Exercise: Lines before the one containing "A man wearing" are not wanted; restate the rest below word for word, through the last line, but drop any pictures.

Dataset excerpt:
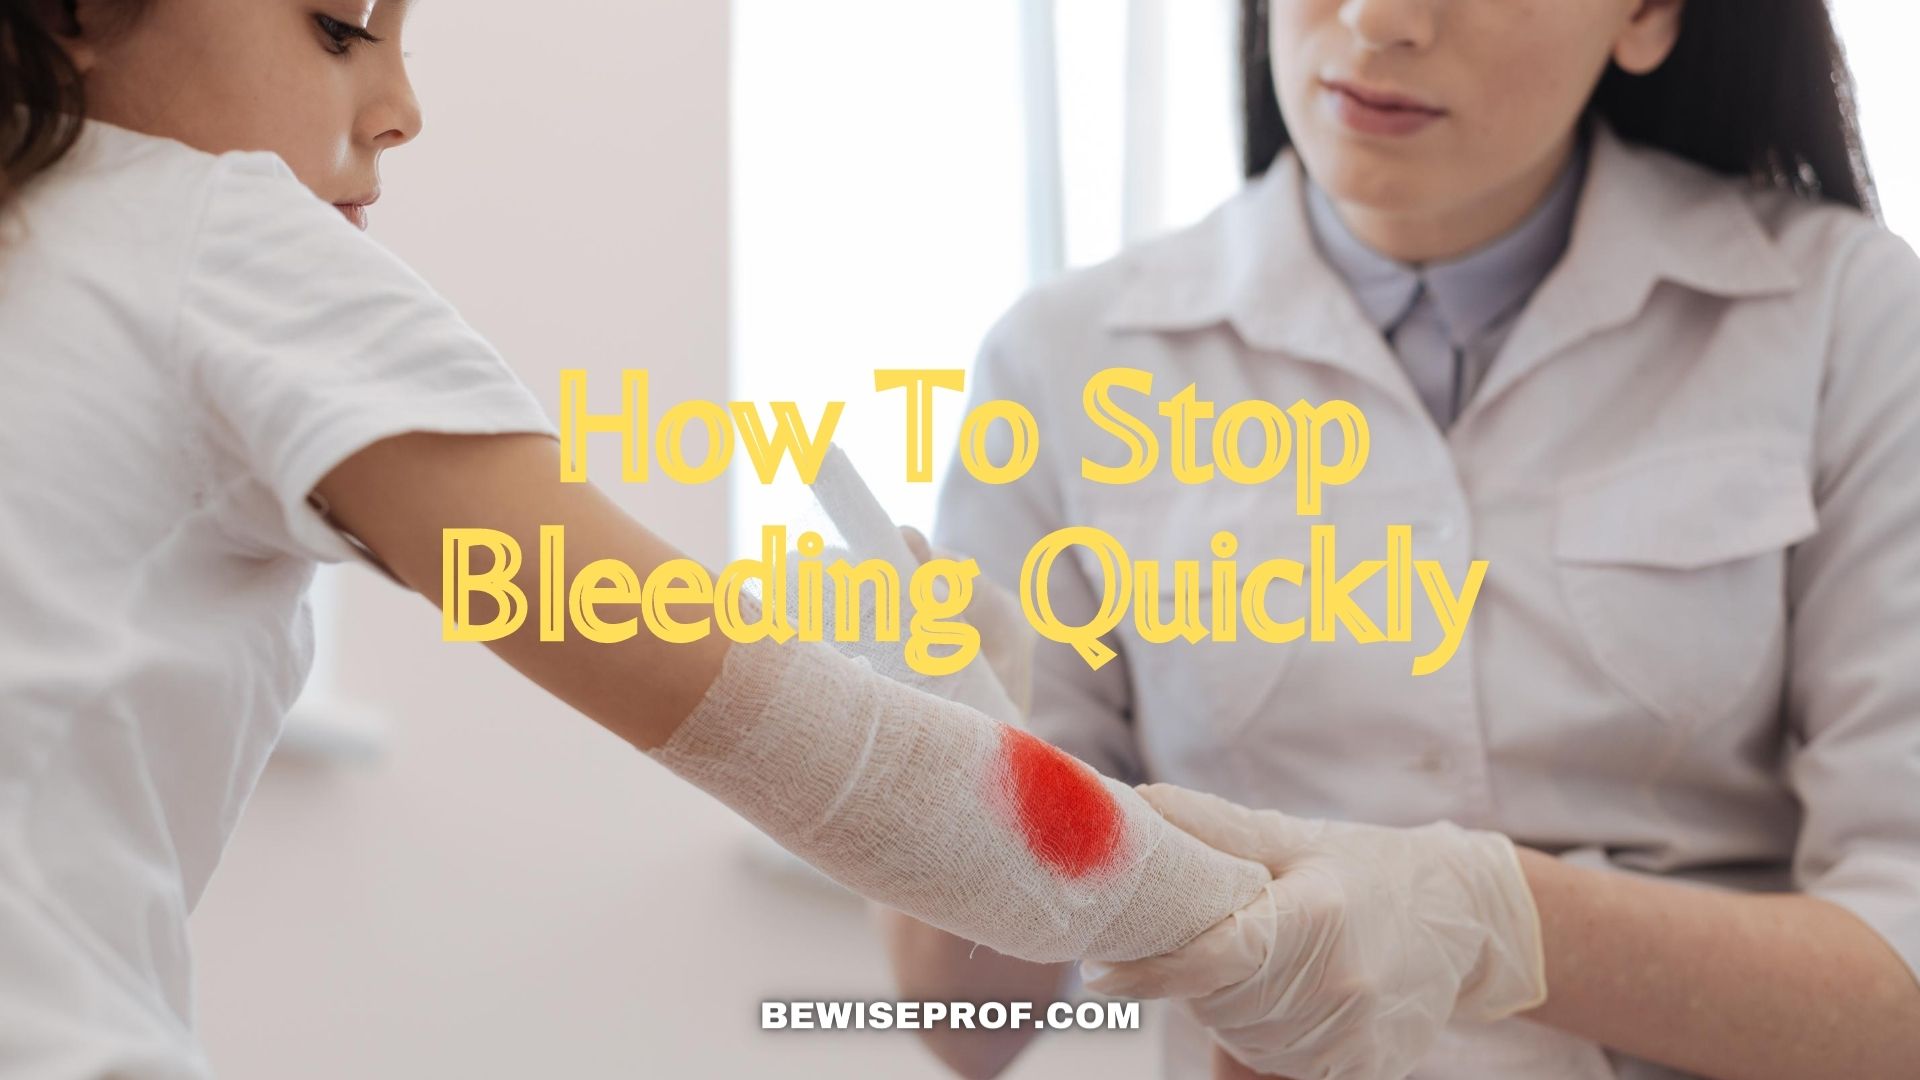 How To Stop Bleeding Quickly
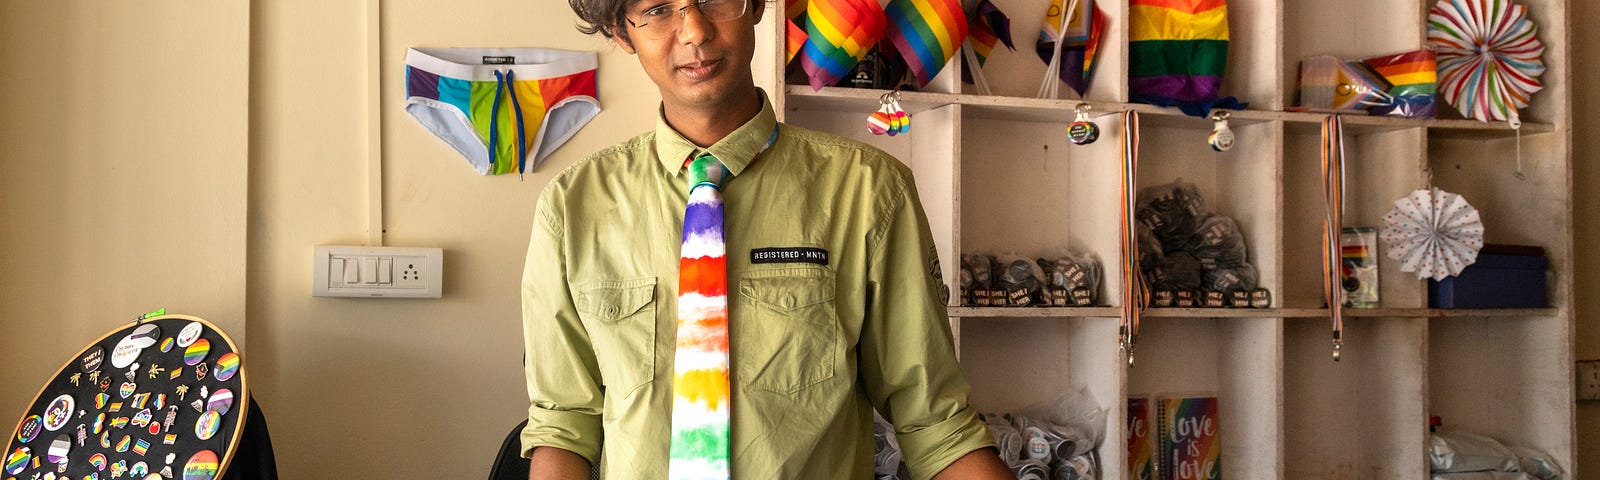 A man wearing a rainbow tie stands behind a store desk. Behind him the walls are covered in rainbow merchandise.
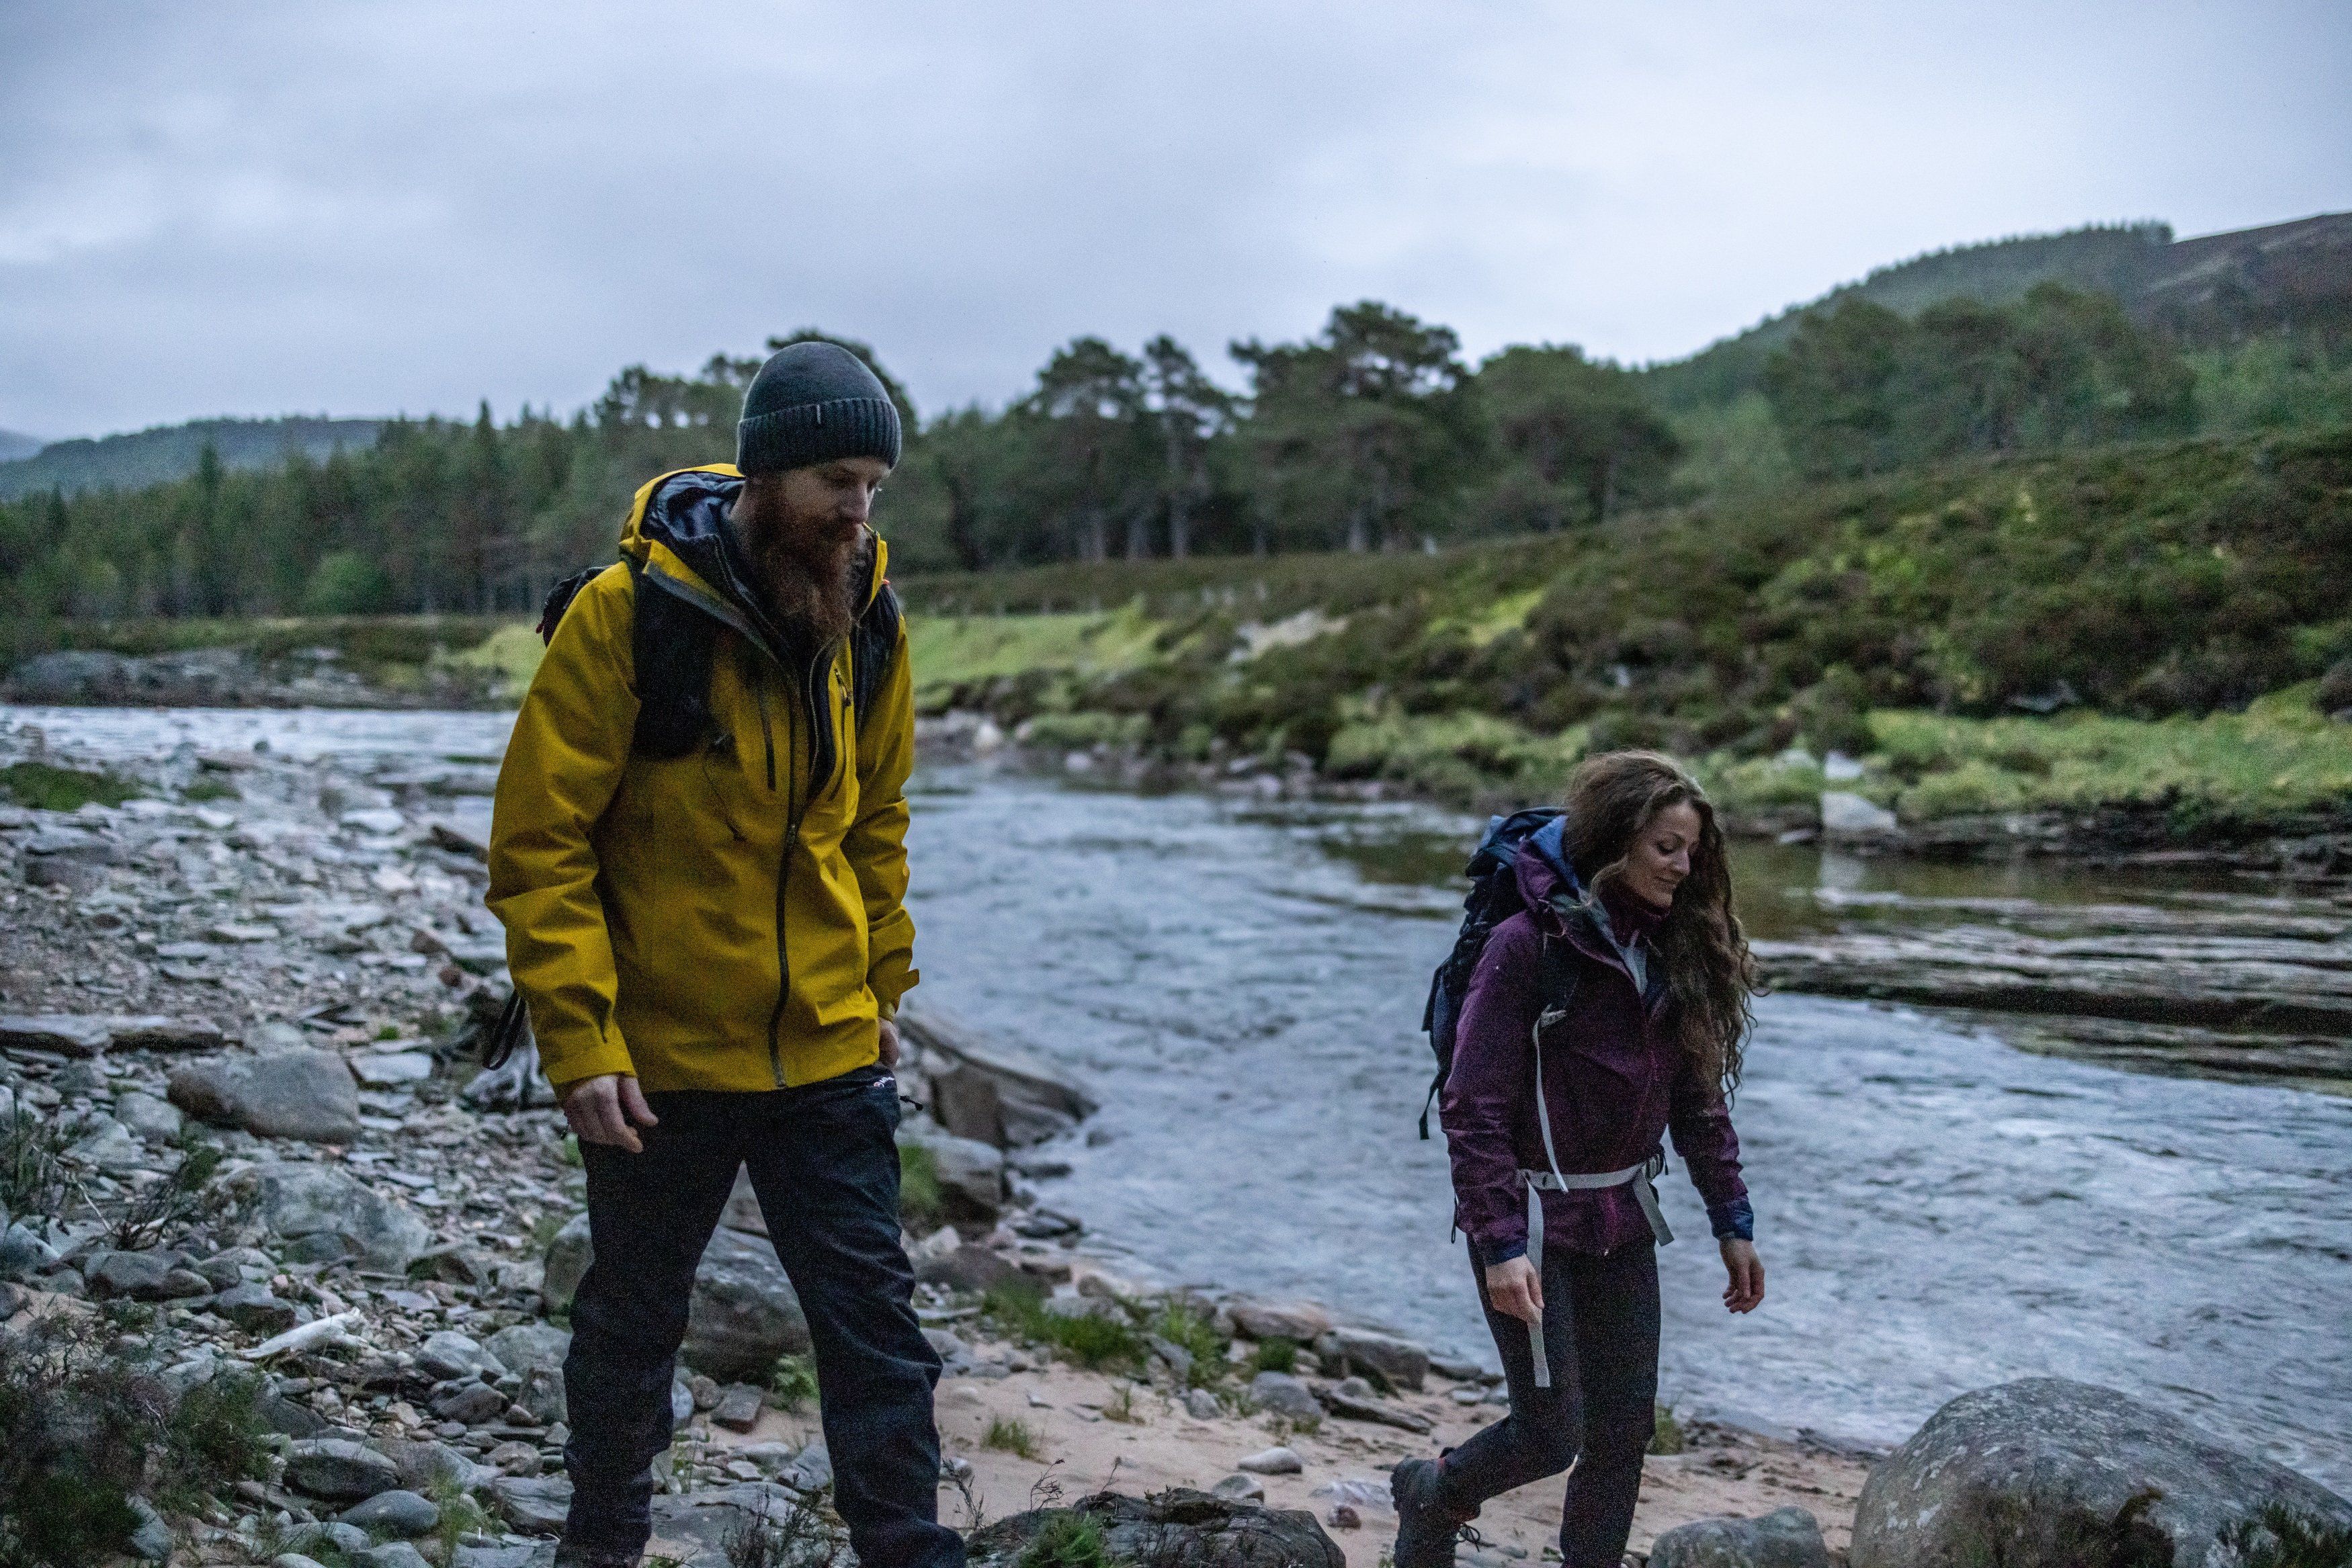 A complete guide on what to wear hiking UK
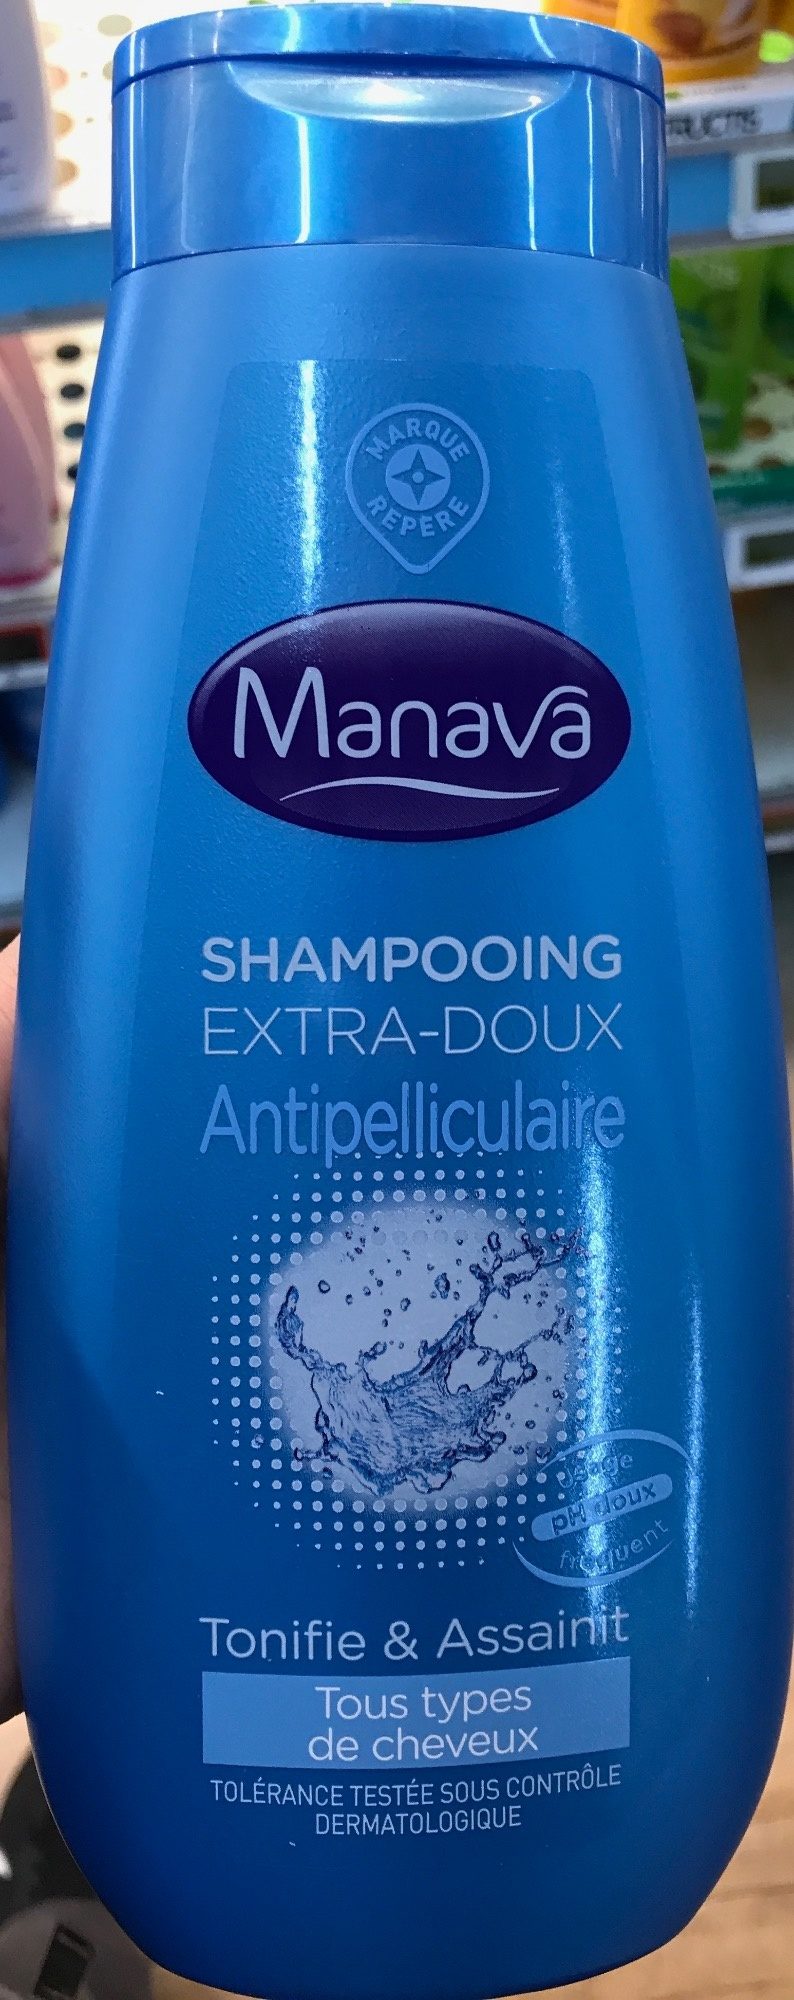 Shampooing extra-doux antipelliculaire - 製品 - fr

Response below:
 A man wearing a rainbow tie stands behind a store desk. Behind him the walls are covered in rainbow merchandise.
 A complete guide on what to wear hiking UK
 Shampooing extra-doux antipelliculaire - 製品 - fr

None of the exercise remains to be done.